### ABOUT THIS EXERCISE
Beginning with the line that contains "Đơn vị chuyên" and ending with the line that contains "Bunte exotische Obst", reproduce the lines of the entries below exactly, omitting pictures.

### LISTED ENTRIES
---

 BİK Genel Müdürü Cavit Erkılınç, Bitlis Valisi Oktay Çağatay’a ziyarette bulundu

---

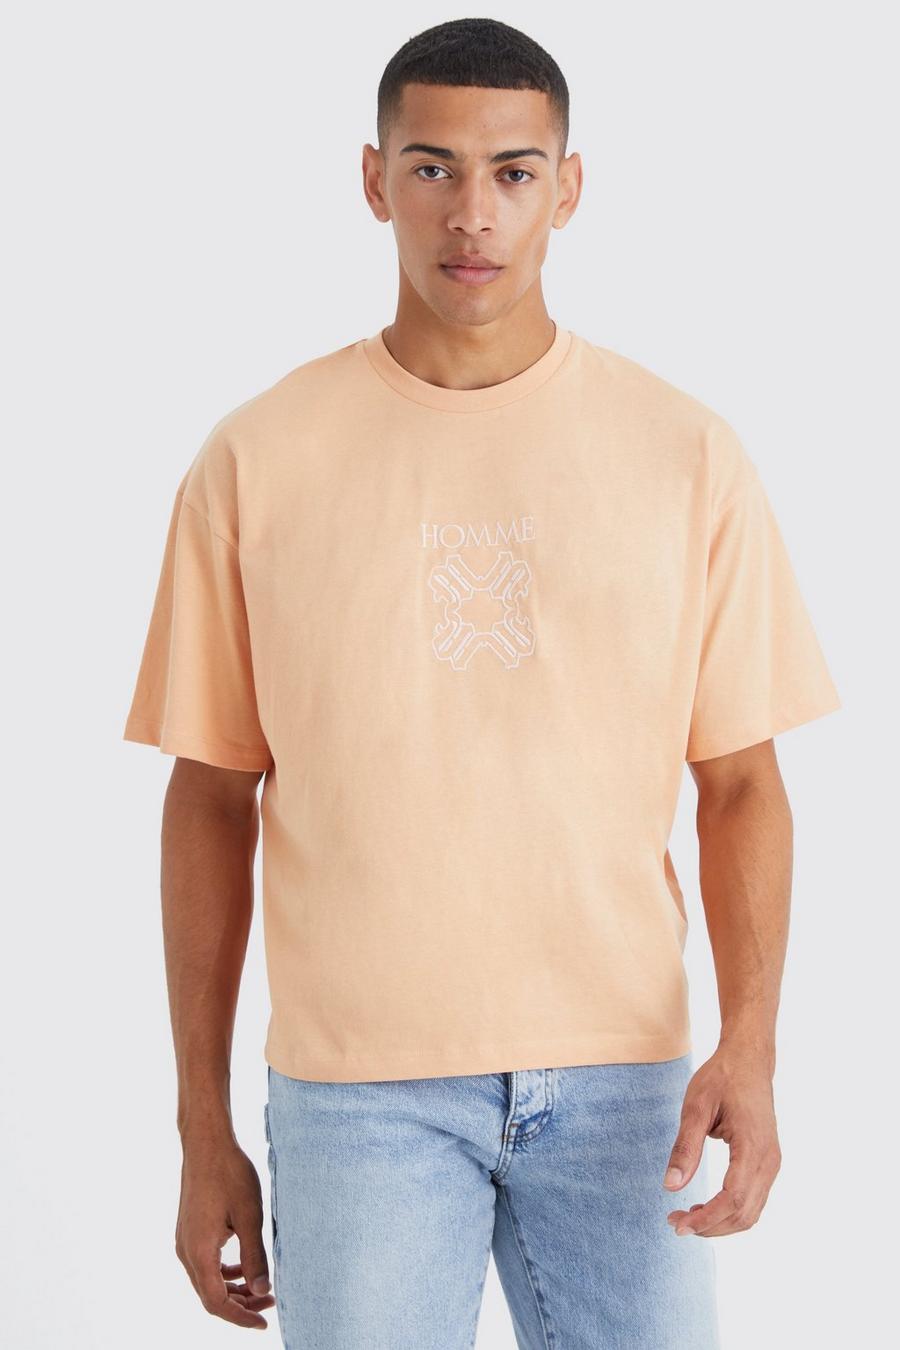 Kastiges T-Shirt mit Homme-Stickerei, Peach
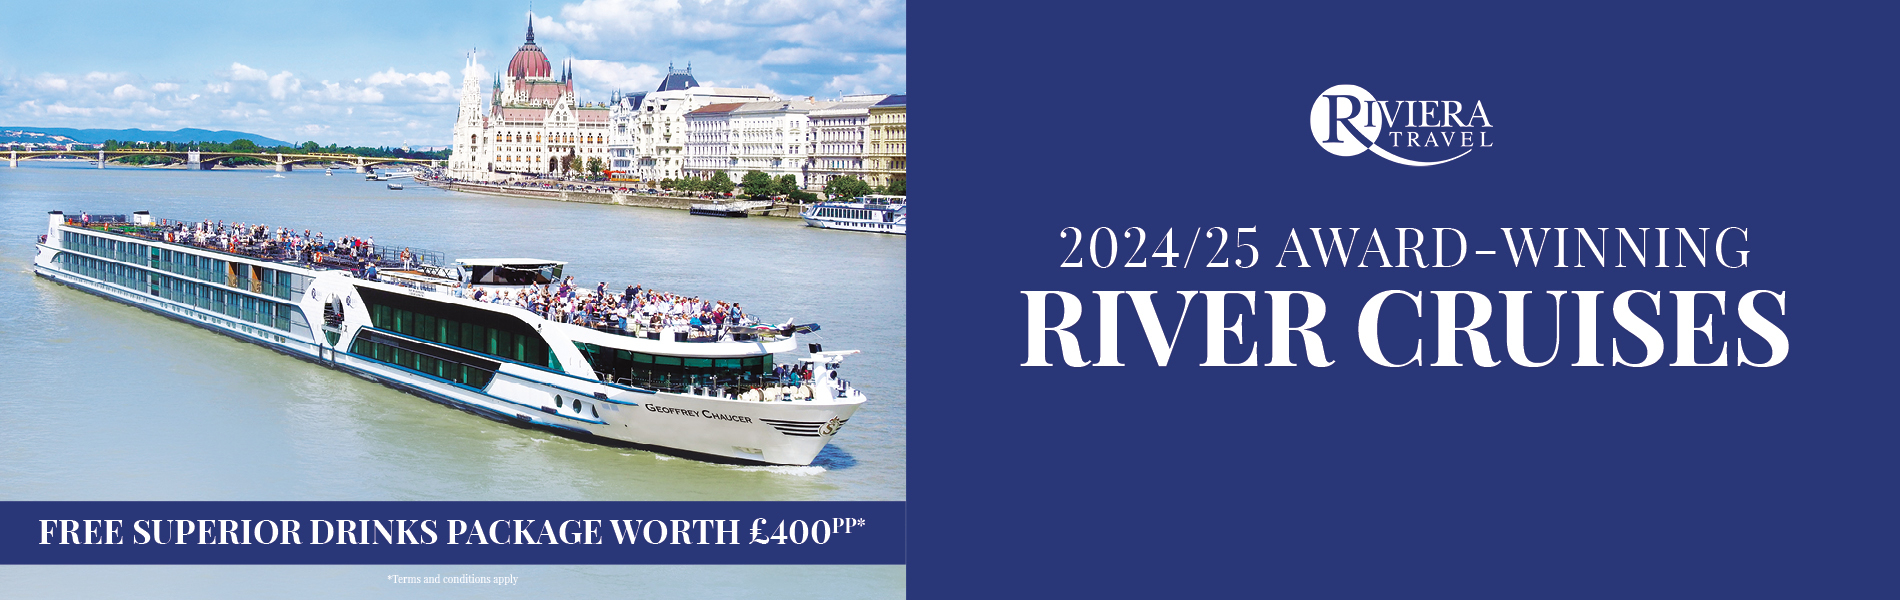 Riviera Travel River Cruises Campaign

---

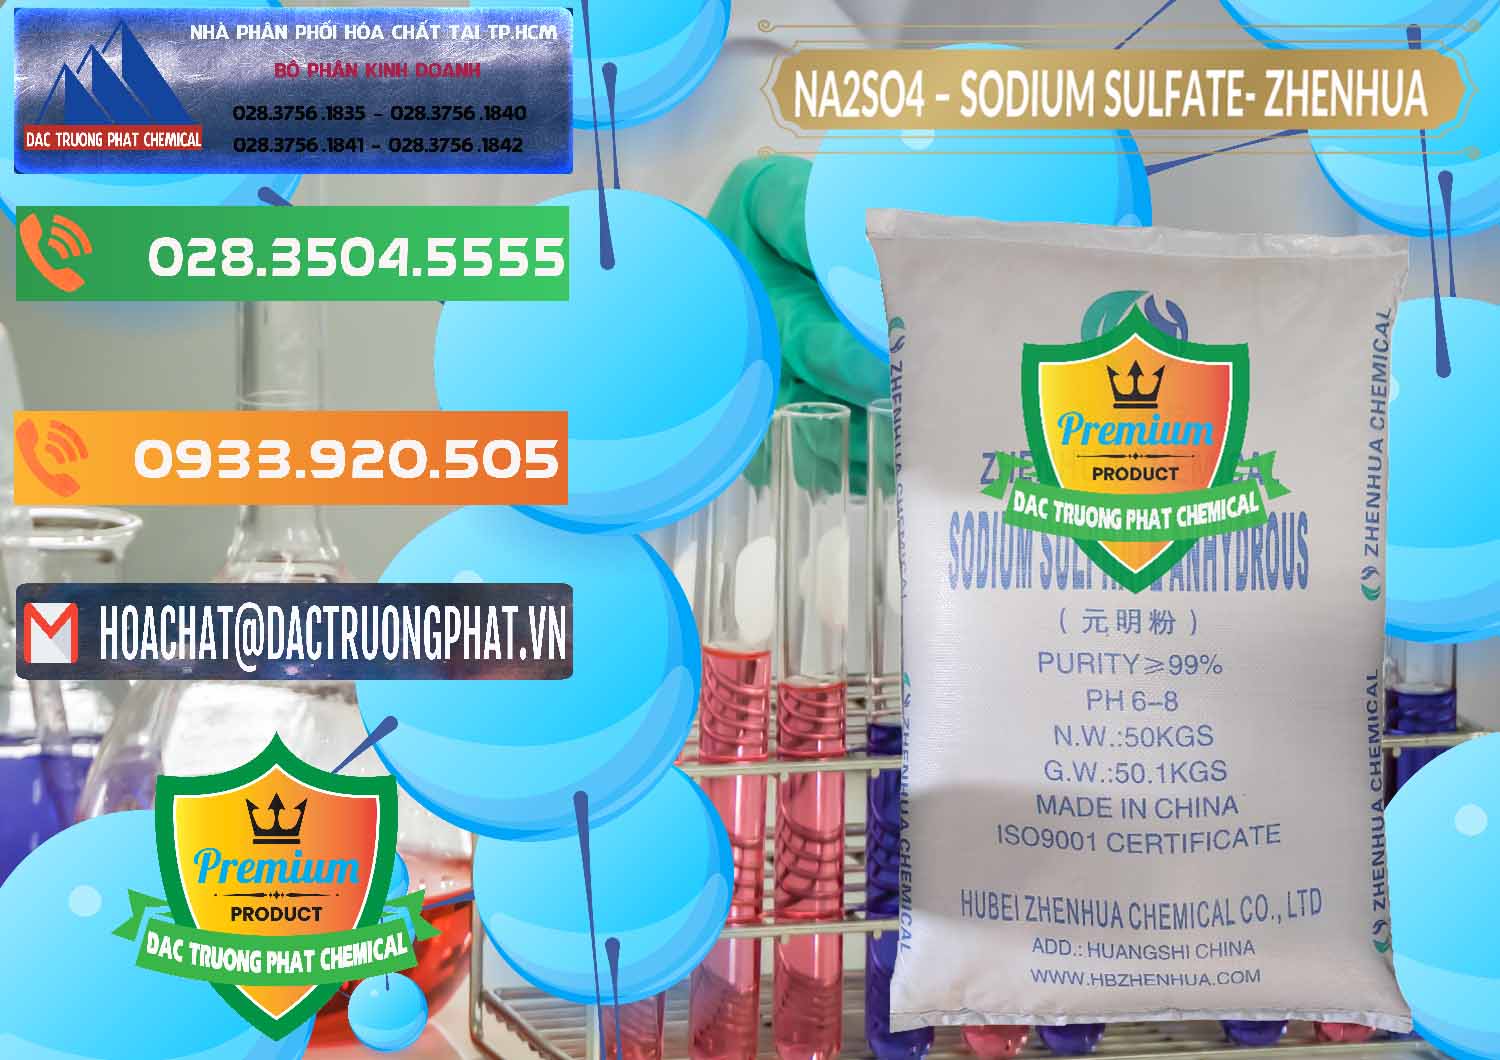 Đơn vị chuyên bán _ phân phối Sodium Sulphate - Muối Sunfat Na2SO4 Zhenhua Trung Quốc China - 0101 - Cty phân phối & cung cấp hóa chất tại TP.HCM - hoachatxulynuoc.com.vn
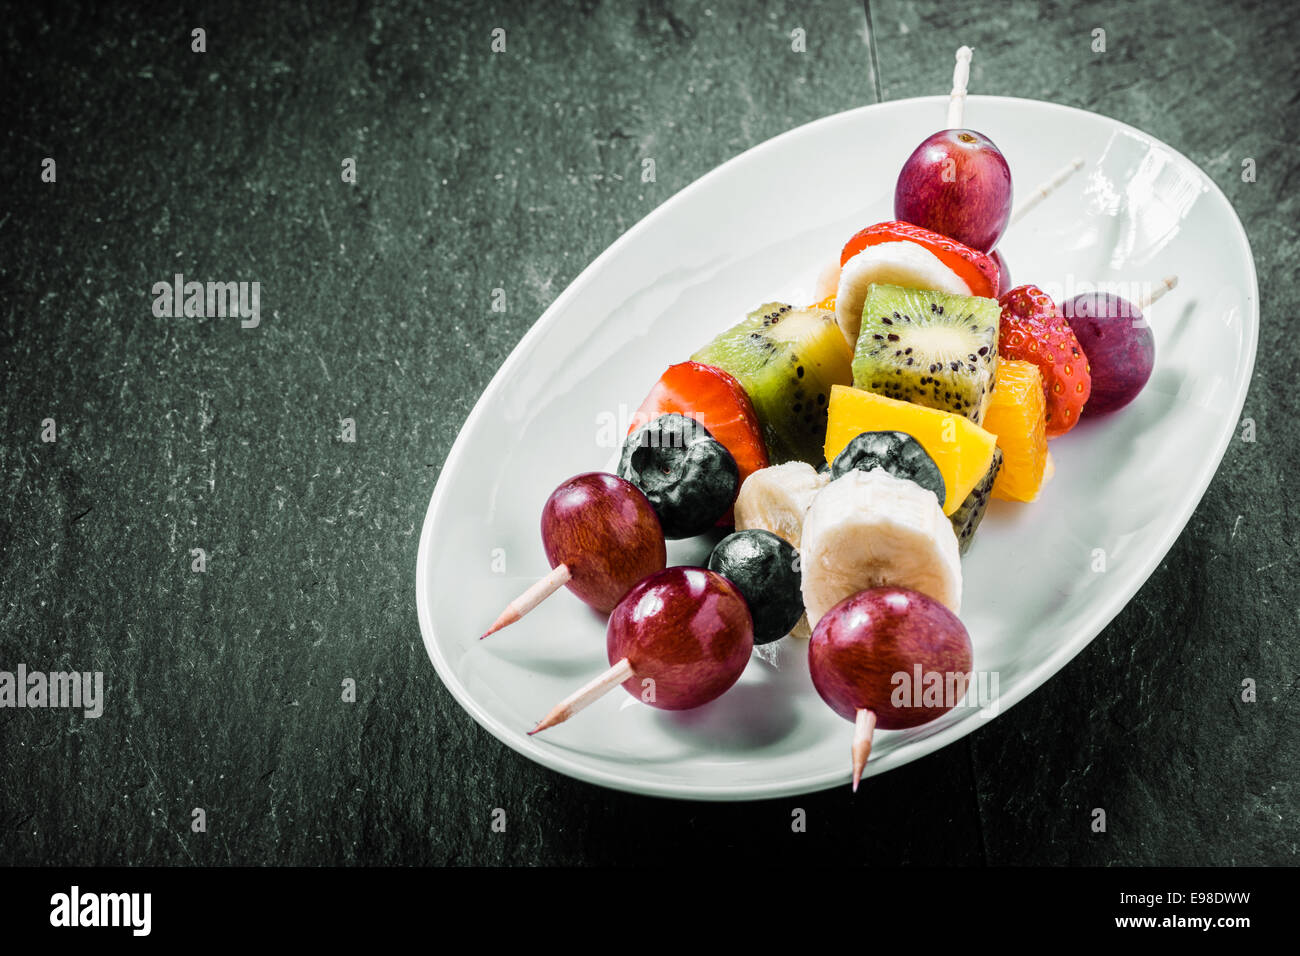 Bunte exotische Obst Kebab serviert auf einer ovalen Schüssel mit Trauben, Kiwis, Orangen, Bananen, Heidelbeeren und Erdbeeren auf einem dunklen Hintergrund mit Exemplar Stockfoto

---

### SOLUTION
 Đơn vị chuyên bán _ phân phối Sodium Sulphate - Muối Sunfat Na2SO4 Zhenhua Trung Quốc China - 0101 - Cty phân phối & cung cấp hóa chất tại TP.HCM - hoachatxulynuoc.com.vn
 Bunte exotische Obst Kebab serviert auf einer ovalen Schüssel mit Trauben, Kiwis, Orangen, Bananen, Heidelbeeren und Erdbeeren auf einem dunklen Hintergrund mit Exemplar Stockfoto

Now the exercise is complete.